Рассказы
Опубликовано в журнале Знамя, номер 3, 2019
Об авторе | Родилась в 1995 году в Санкт-Петербурге. Выпускница Художественно-промышленной академии им. А.Л. Штиглица, художник-график. Лауреат Международного Волошинского конкурса в номинации «малая проза» (2015), финалист Всероссийского конкурса «Книгуру» на лучшее литературное произведение для детей и юношества (2017), лауреат Национальной премии для молодых авторов «Русские рифмы. Русское слово» (2018), лауреат Молодёжной премии правительства Санкт-Петербурга в области художественного творчества (2018). За опубликованную в № 7 за 2018 год подборку рассказов «Падали и смеялись» стала лауреатом премии журнала «Знамя».
«Не входить! Обнажённая натура»
Это две мои любимые кариатиды. Сейчас они поправят причёски и снова будут держать небо.
Вообще-то кариатиды держат не небо, а балочные перекрытия. Фриз и карниз. В детстве я не постигала, почему этот непосильный груз мужчины возложили на таких красивых женщин… Но знания пришли, «постучались в двери», и на первом же курсе, на лекции по истории искусств, выяснилось, что это — кара, проклятие древних греков жёнам своих врагов. И хотя вся эта история давно ушла в Лету, кариатиды до сих пор отдуваются за грехи своих мужей.
А вот две мои любимые кариатиды действительно держат небо. Не балки. И служат исключительно красоте. А когда-то служили доходному дому Генриха Блокка, это он на последнем шестом этаже кариатид поселил.

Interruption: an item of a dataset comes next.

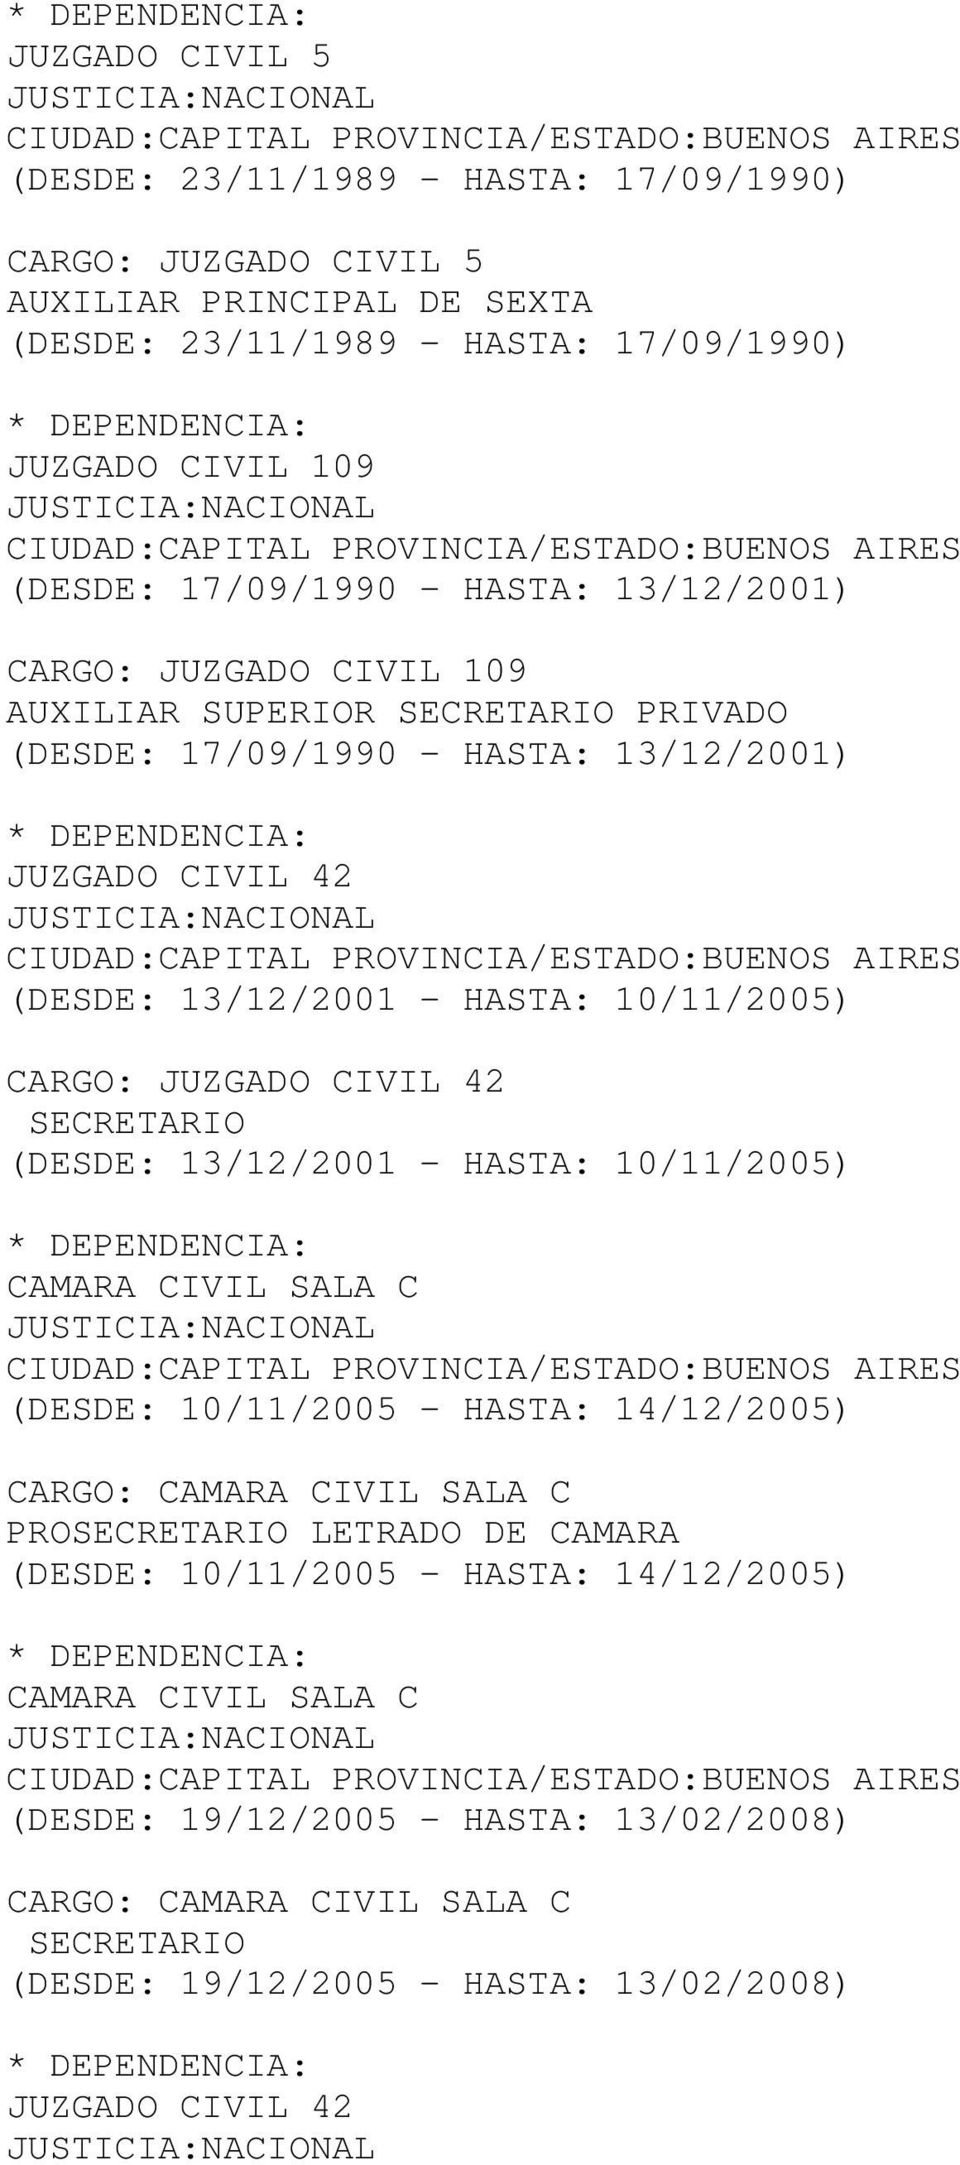 JUZGADO CIVIL 42 SECRETARIO (DESDE: 13/12/2001 - HASTA: 10/11/2005) CAMARA CIVIL SALA C (DESDE: 10/11/2005 - HASTA: 14/12/2005) CARGO: CAMARA CIVIL SALA C PROSECRETARIO LETRADO DE CAMARA

Я представляю это дело так (крутится чёрно-белая плёнка): выходит господин Блокк на балкон, успешный финансист, прилежный семьянин. Смотрит свысока на Невский проспект, усы, довольная улыбка, не знаю. Всё у него хорошо, нельзя посочувствовать.
И вот каждый день он любуется видом, по-хозяйски оглядывает Невский, курит сигару и считает деньги. Но однажды сбился со счёта: прогорел, обанкротился и повесился. Перешёл, так сказать, на седьмой этаж.
Последние, кто видел его живым, были кариатиды.
Эти кариатиды вообще много чего видели: под ними течёт Невский, по которому сегодня плывут сплошные туристы, петербуржцы же минуют его, несясь под землёй в метро: им некогда праздно шататься по главной улице города, и даже бронзовый Николай Васильевич, навсегда воскликнувший: «Нет ничего лучше Невского проспекта!» — стоит в сторонке, на Малой Конюшенной, и думает думу.
Мои кариатиды никогда не бывают одиноки. Это мои подруги, и я постоянно посещаю их, они знают обо мне всё. Время изрядно потрепало их полуобнажённые классические тела да и на прекрасных лицах тоже оставило свои следы. Но в этом их очарование и подлинность.
Я не знаю, давал ли этим каменным женщинам Генрих Блокк какие-либо имена, но я называю их — Таисия Павловна и Ника.
Только Таисия Павловна и Ника вместо неба держали какой-то гигантский кусок фольги, изображающий небосвод.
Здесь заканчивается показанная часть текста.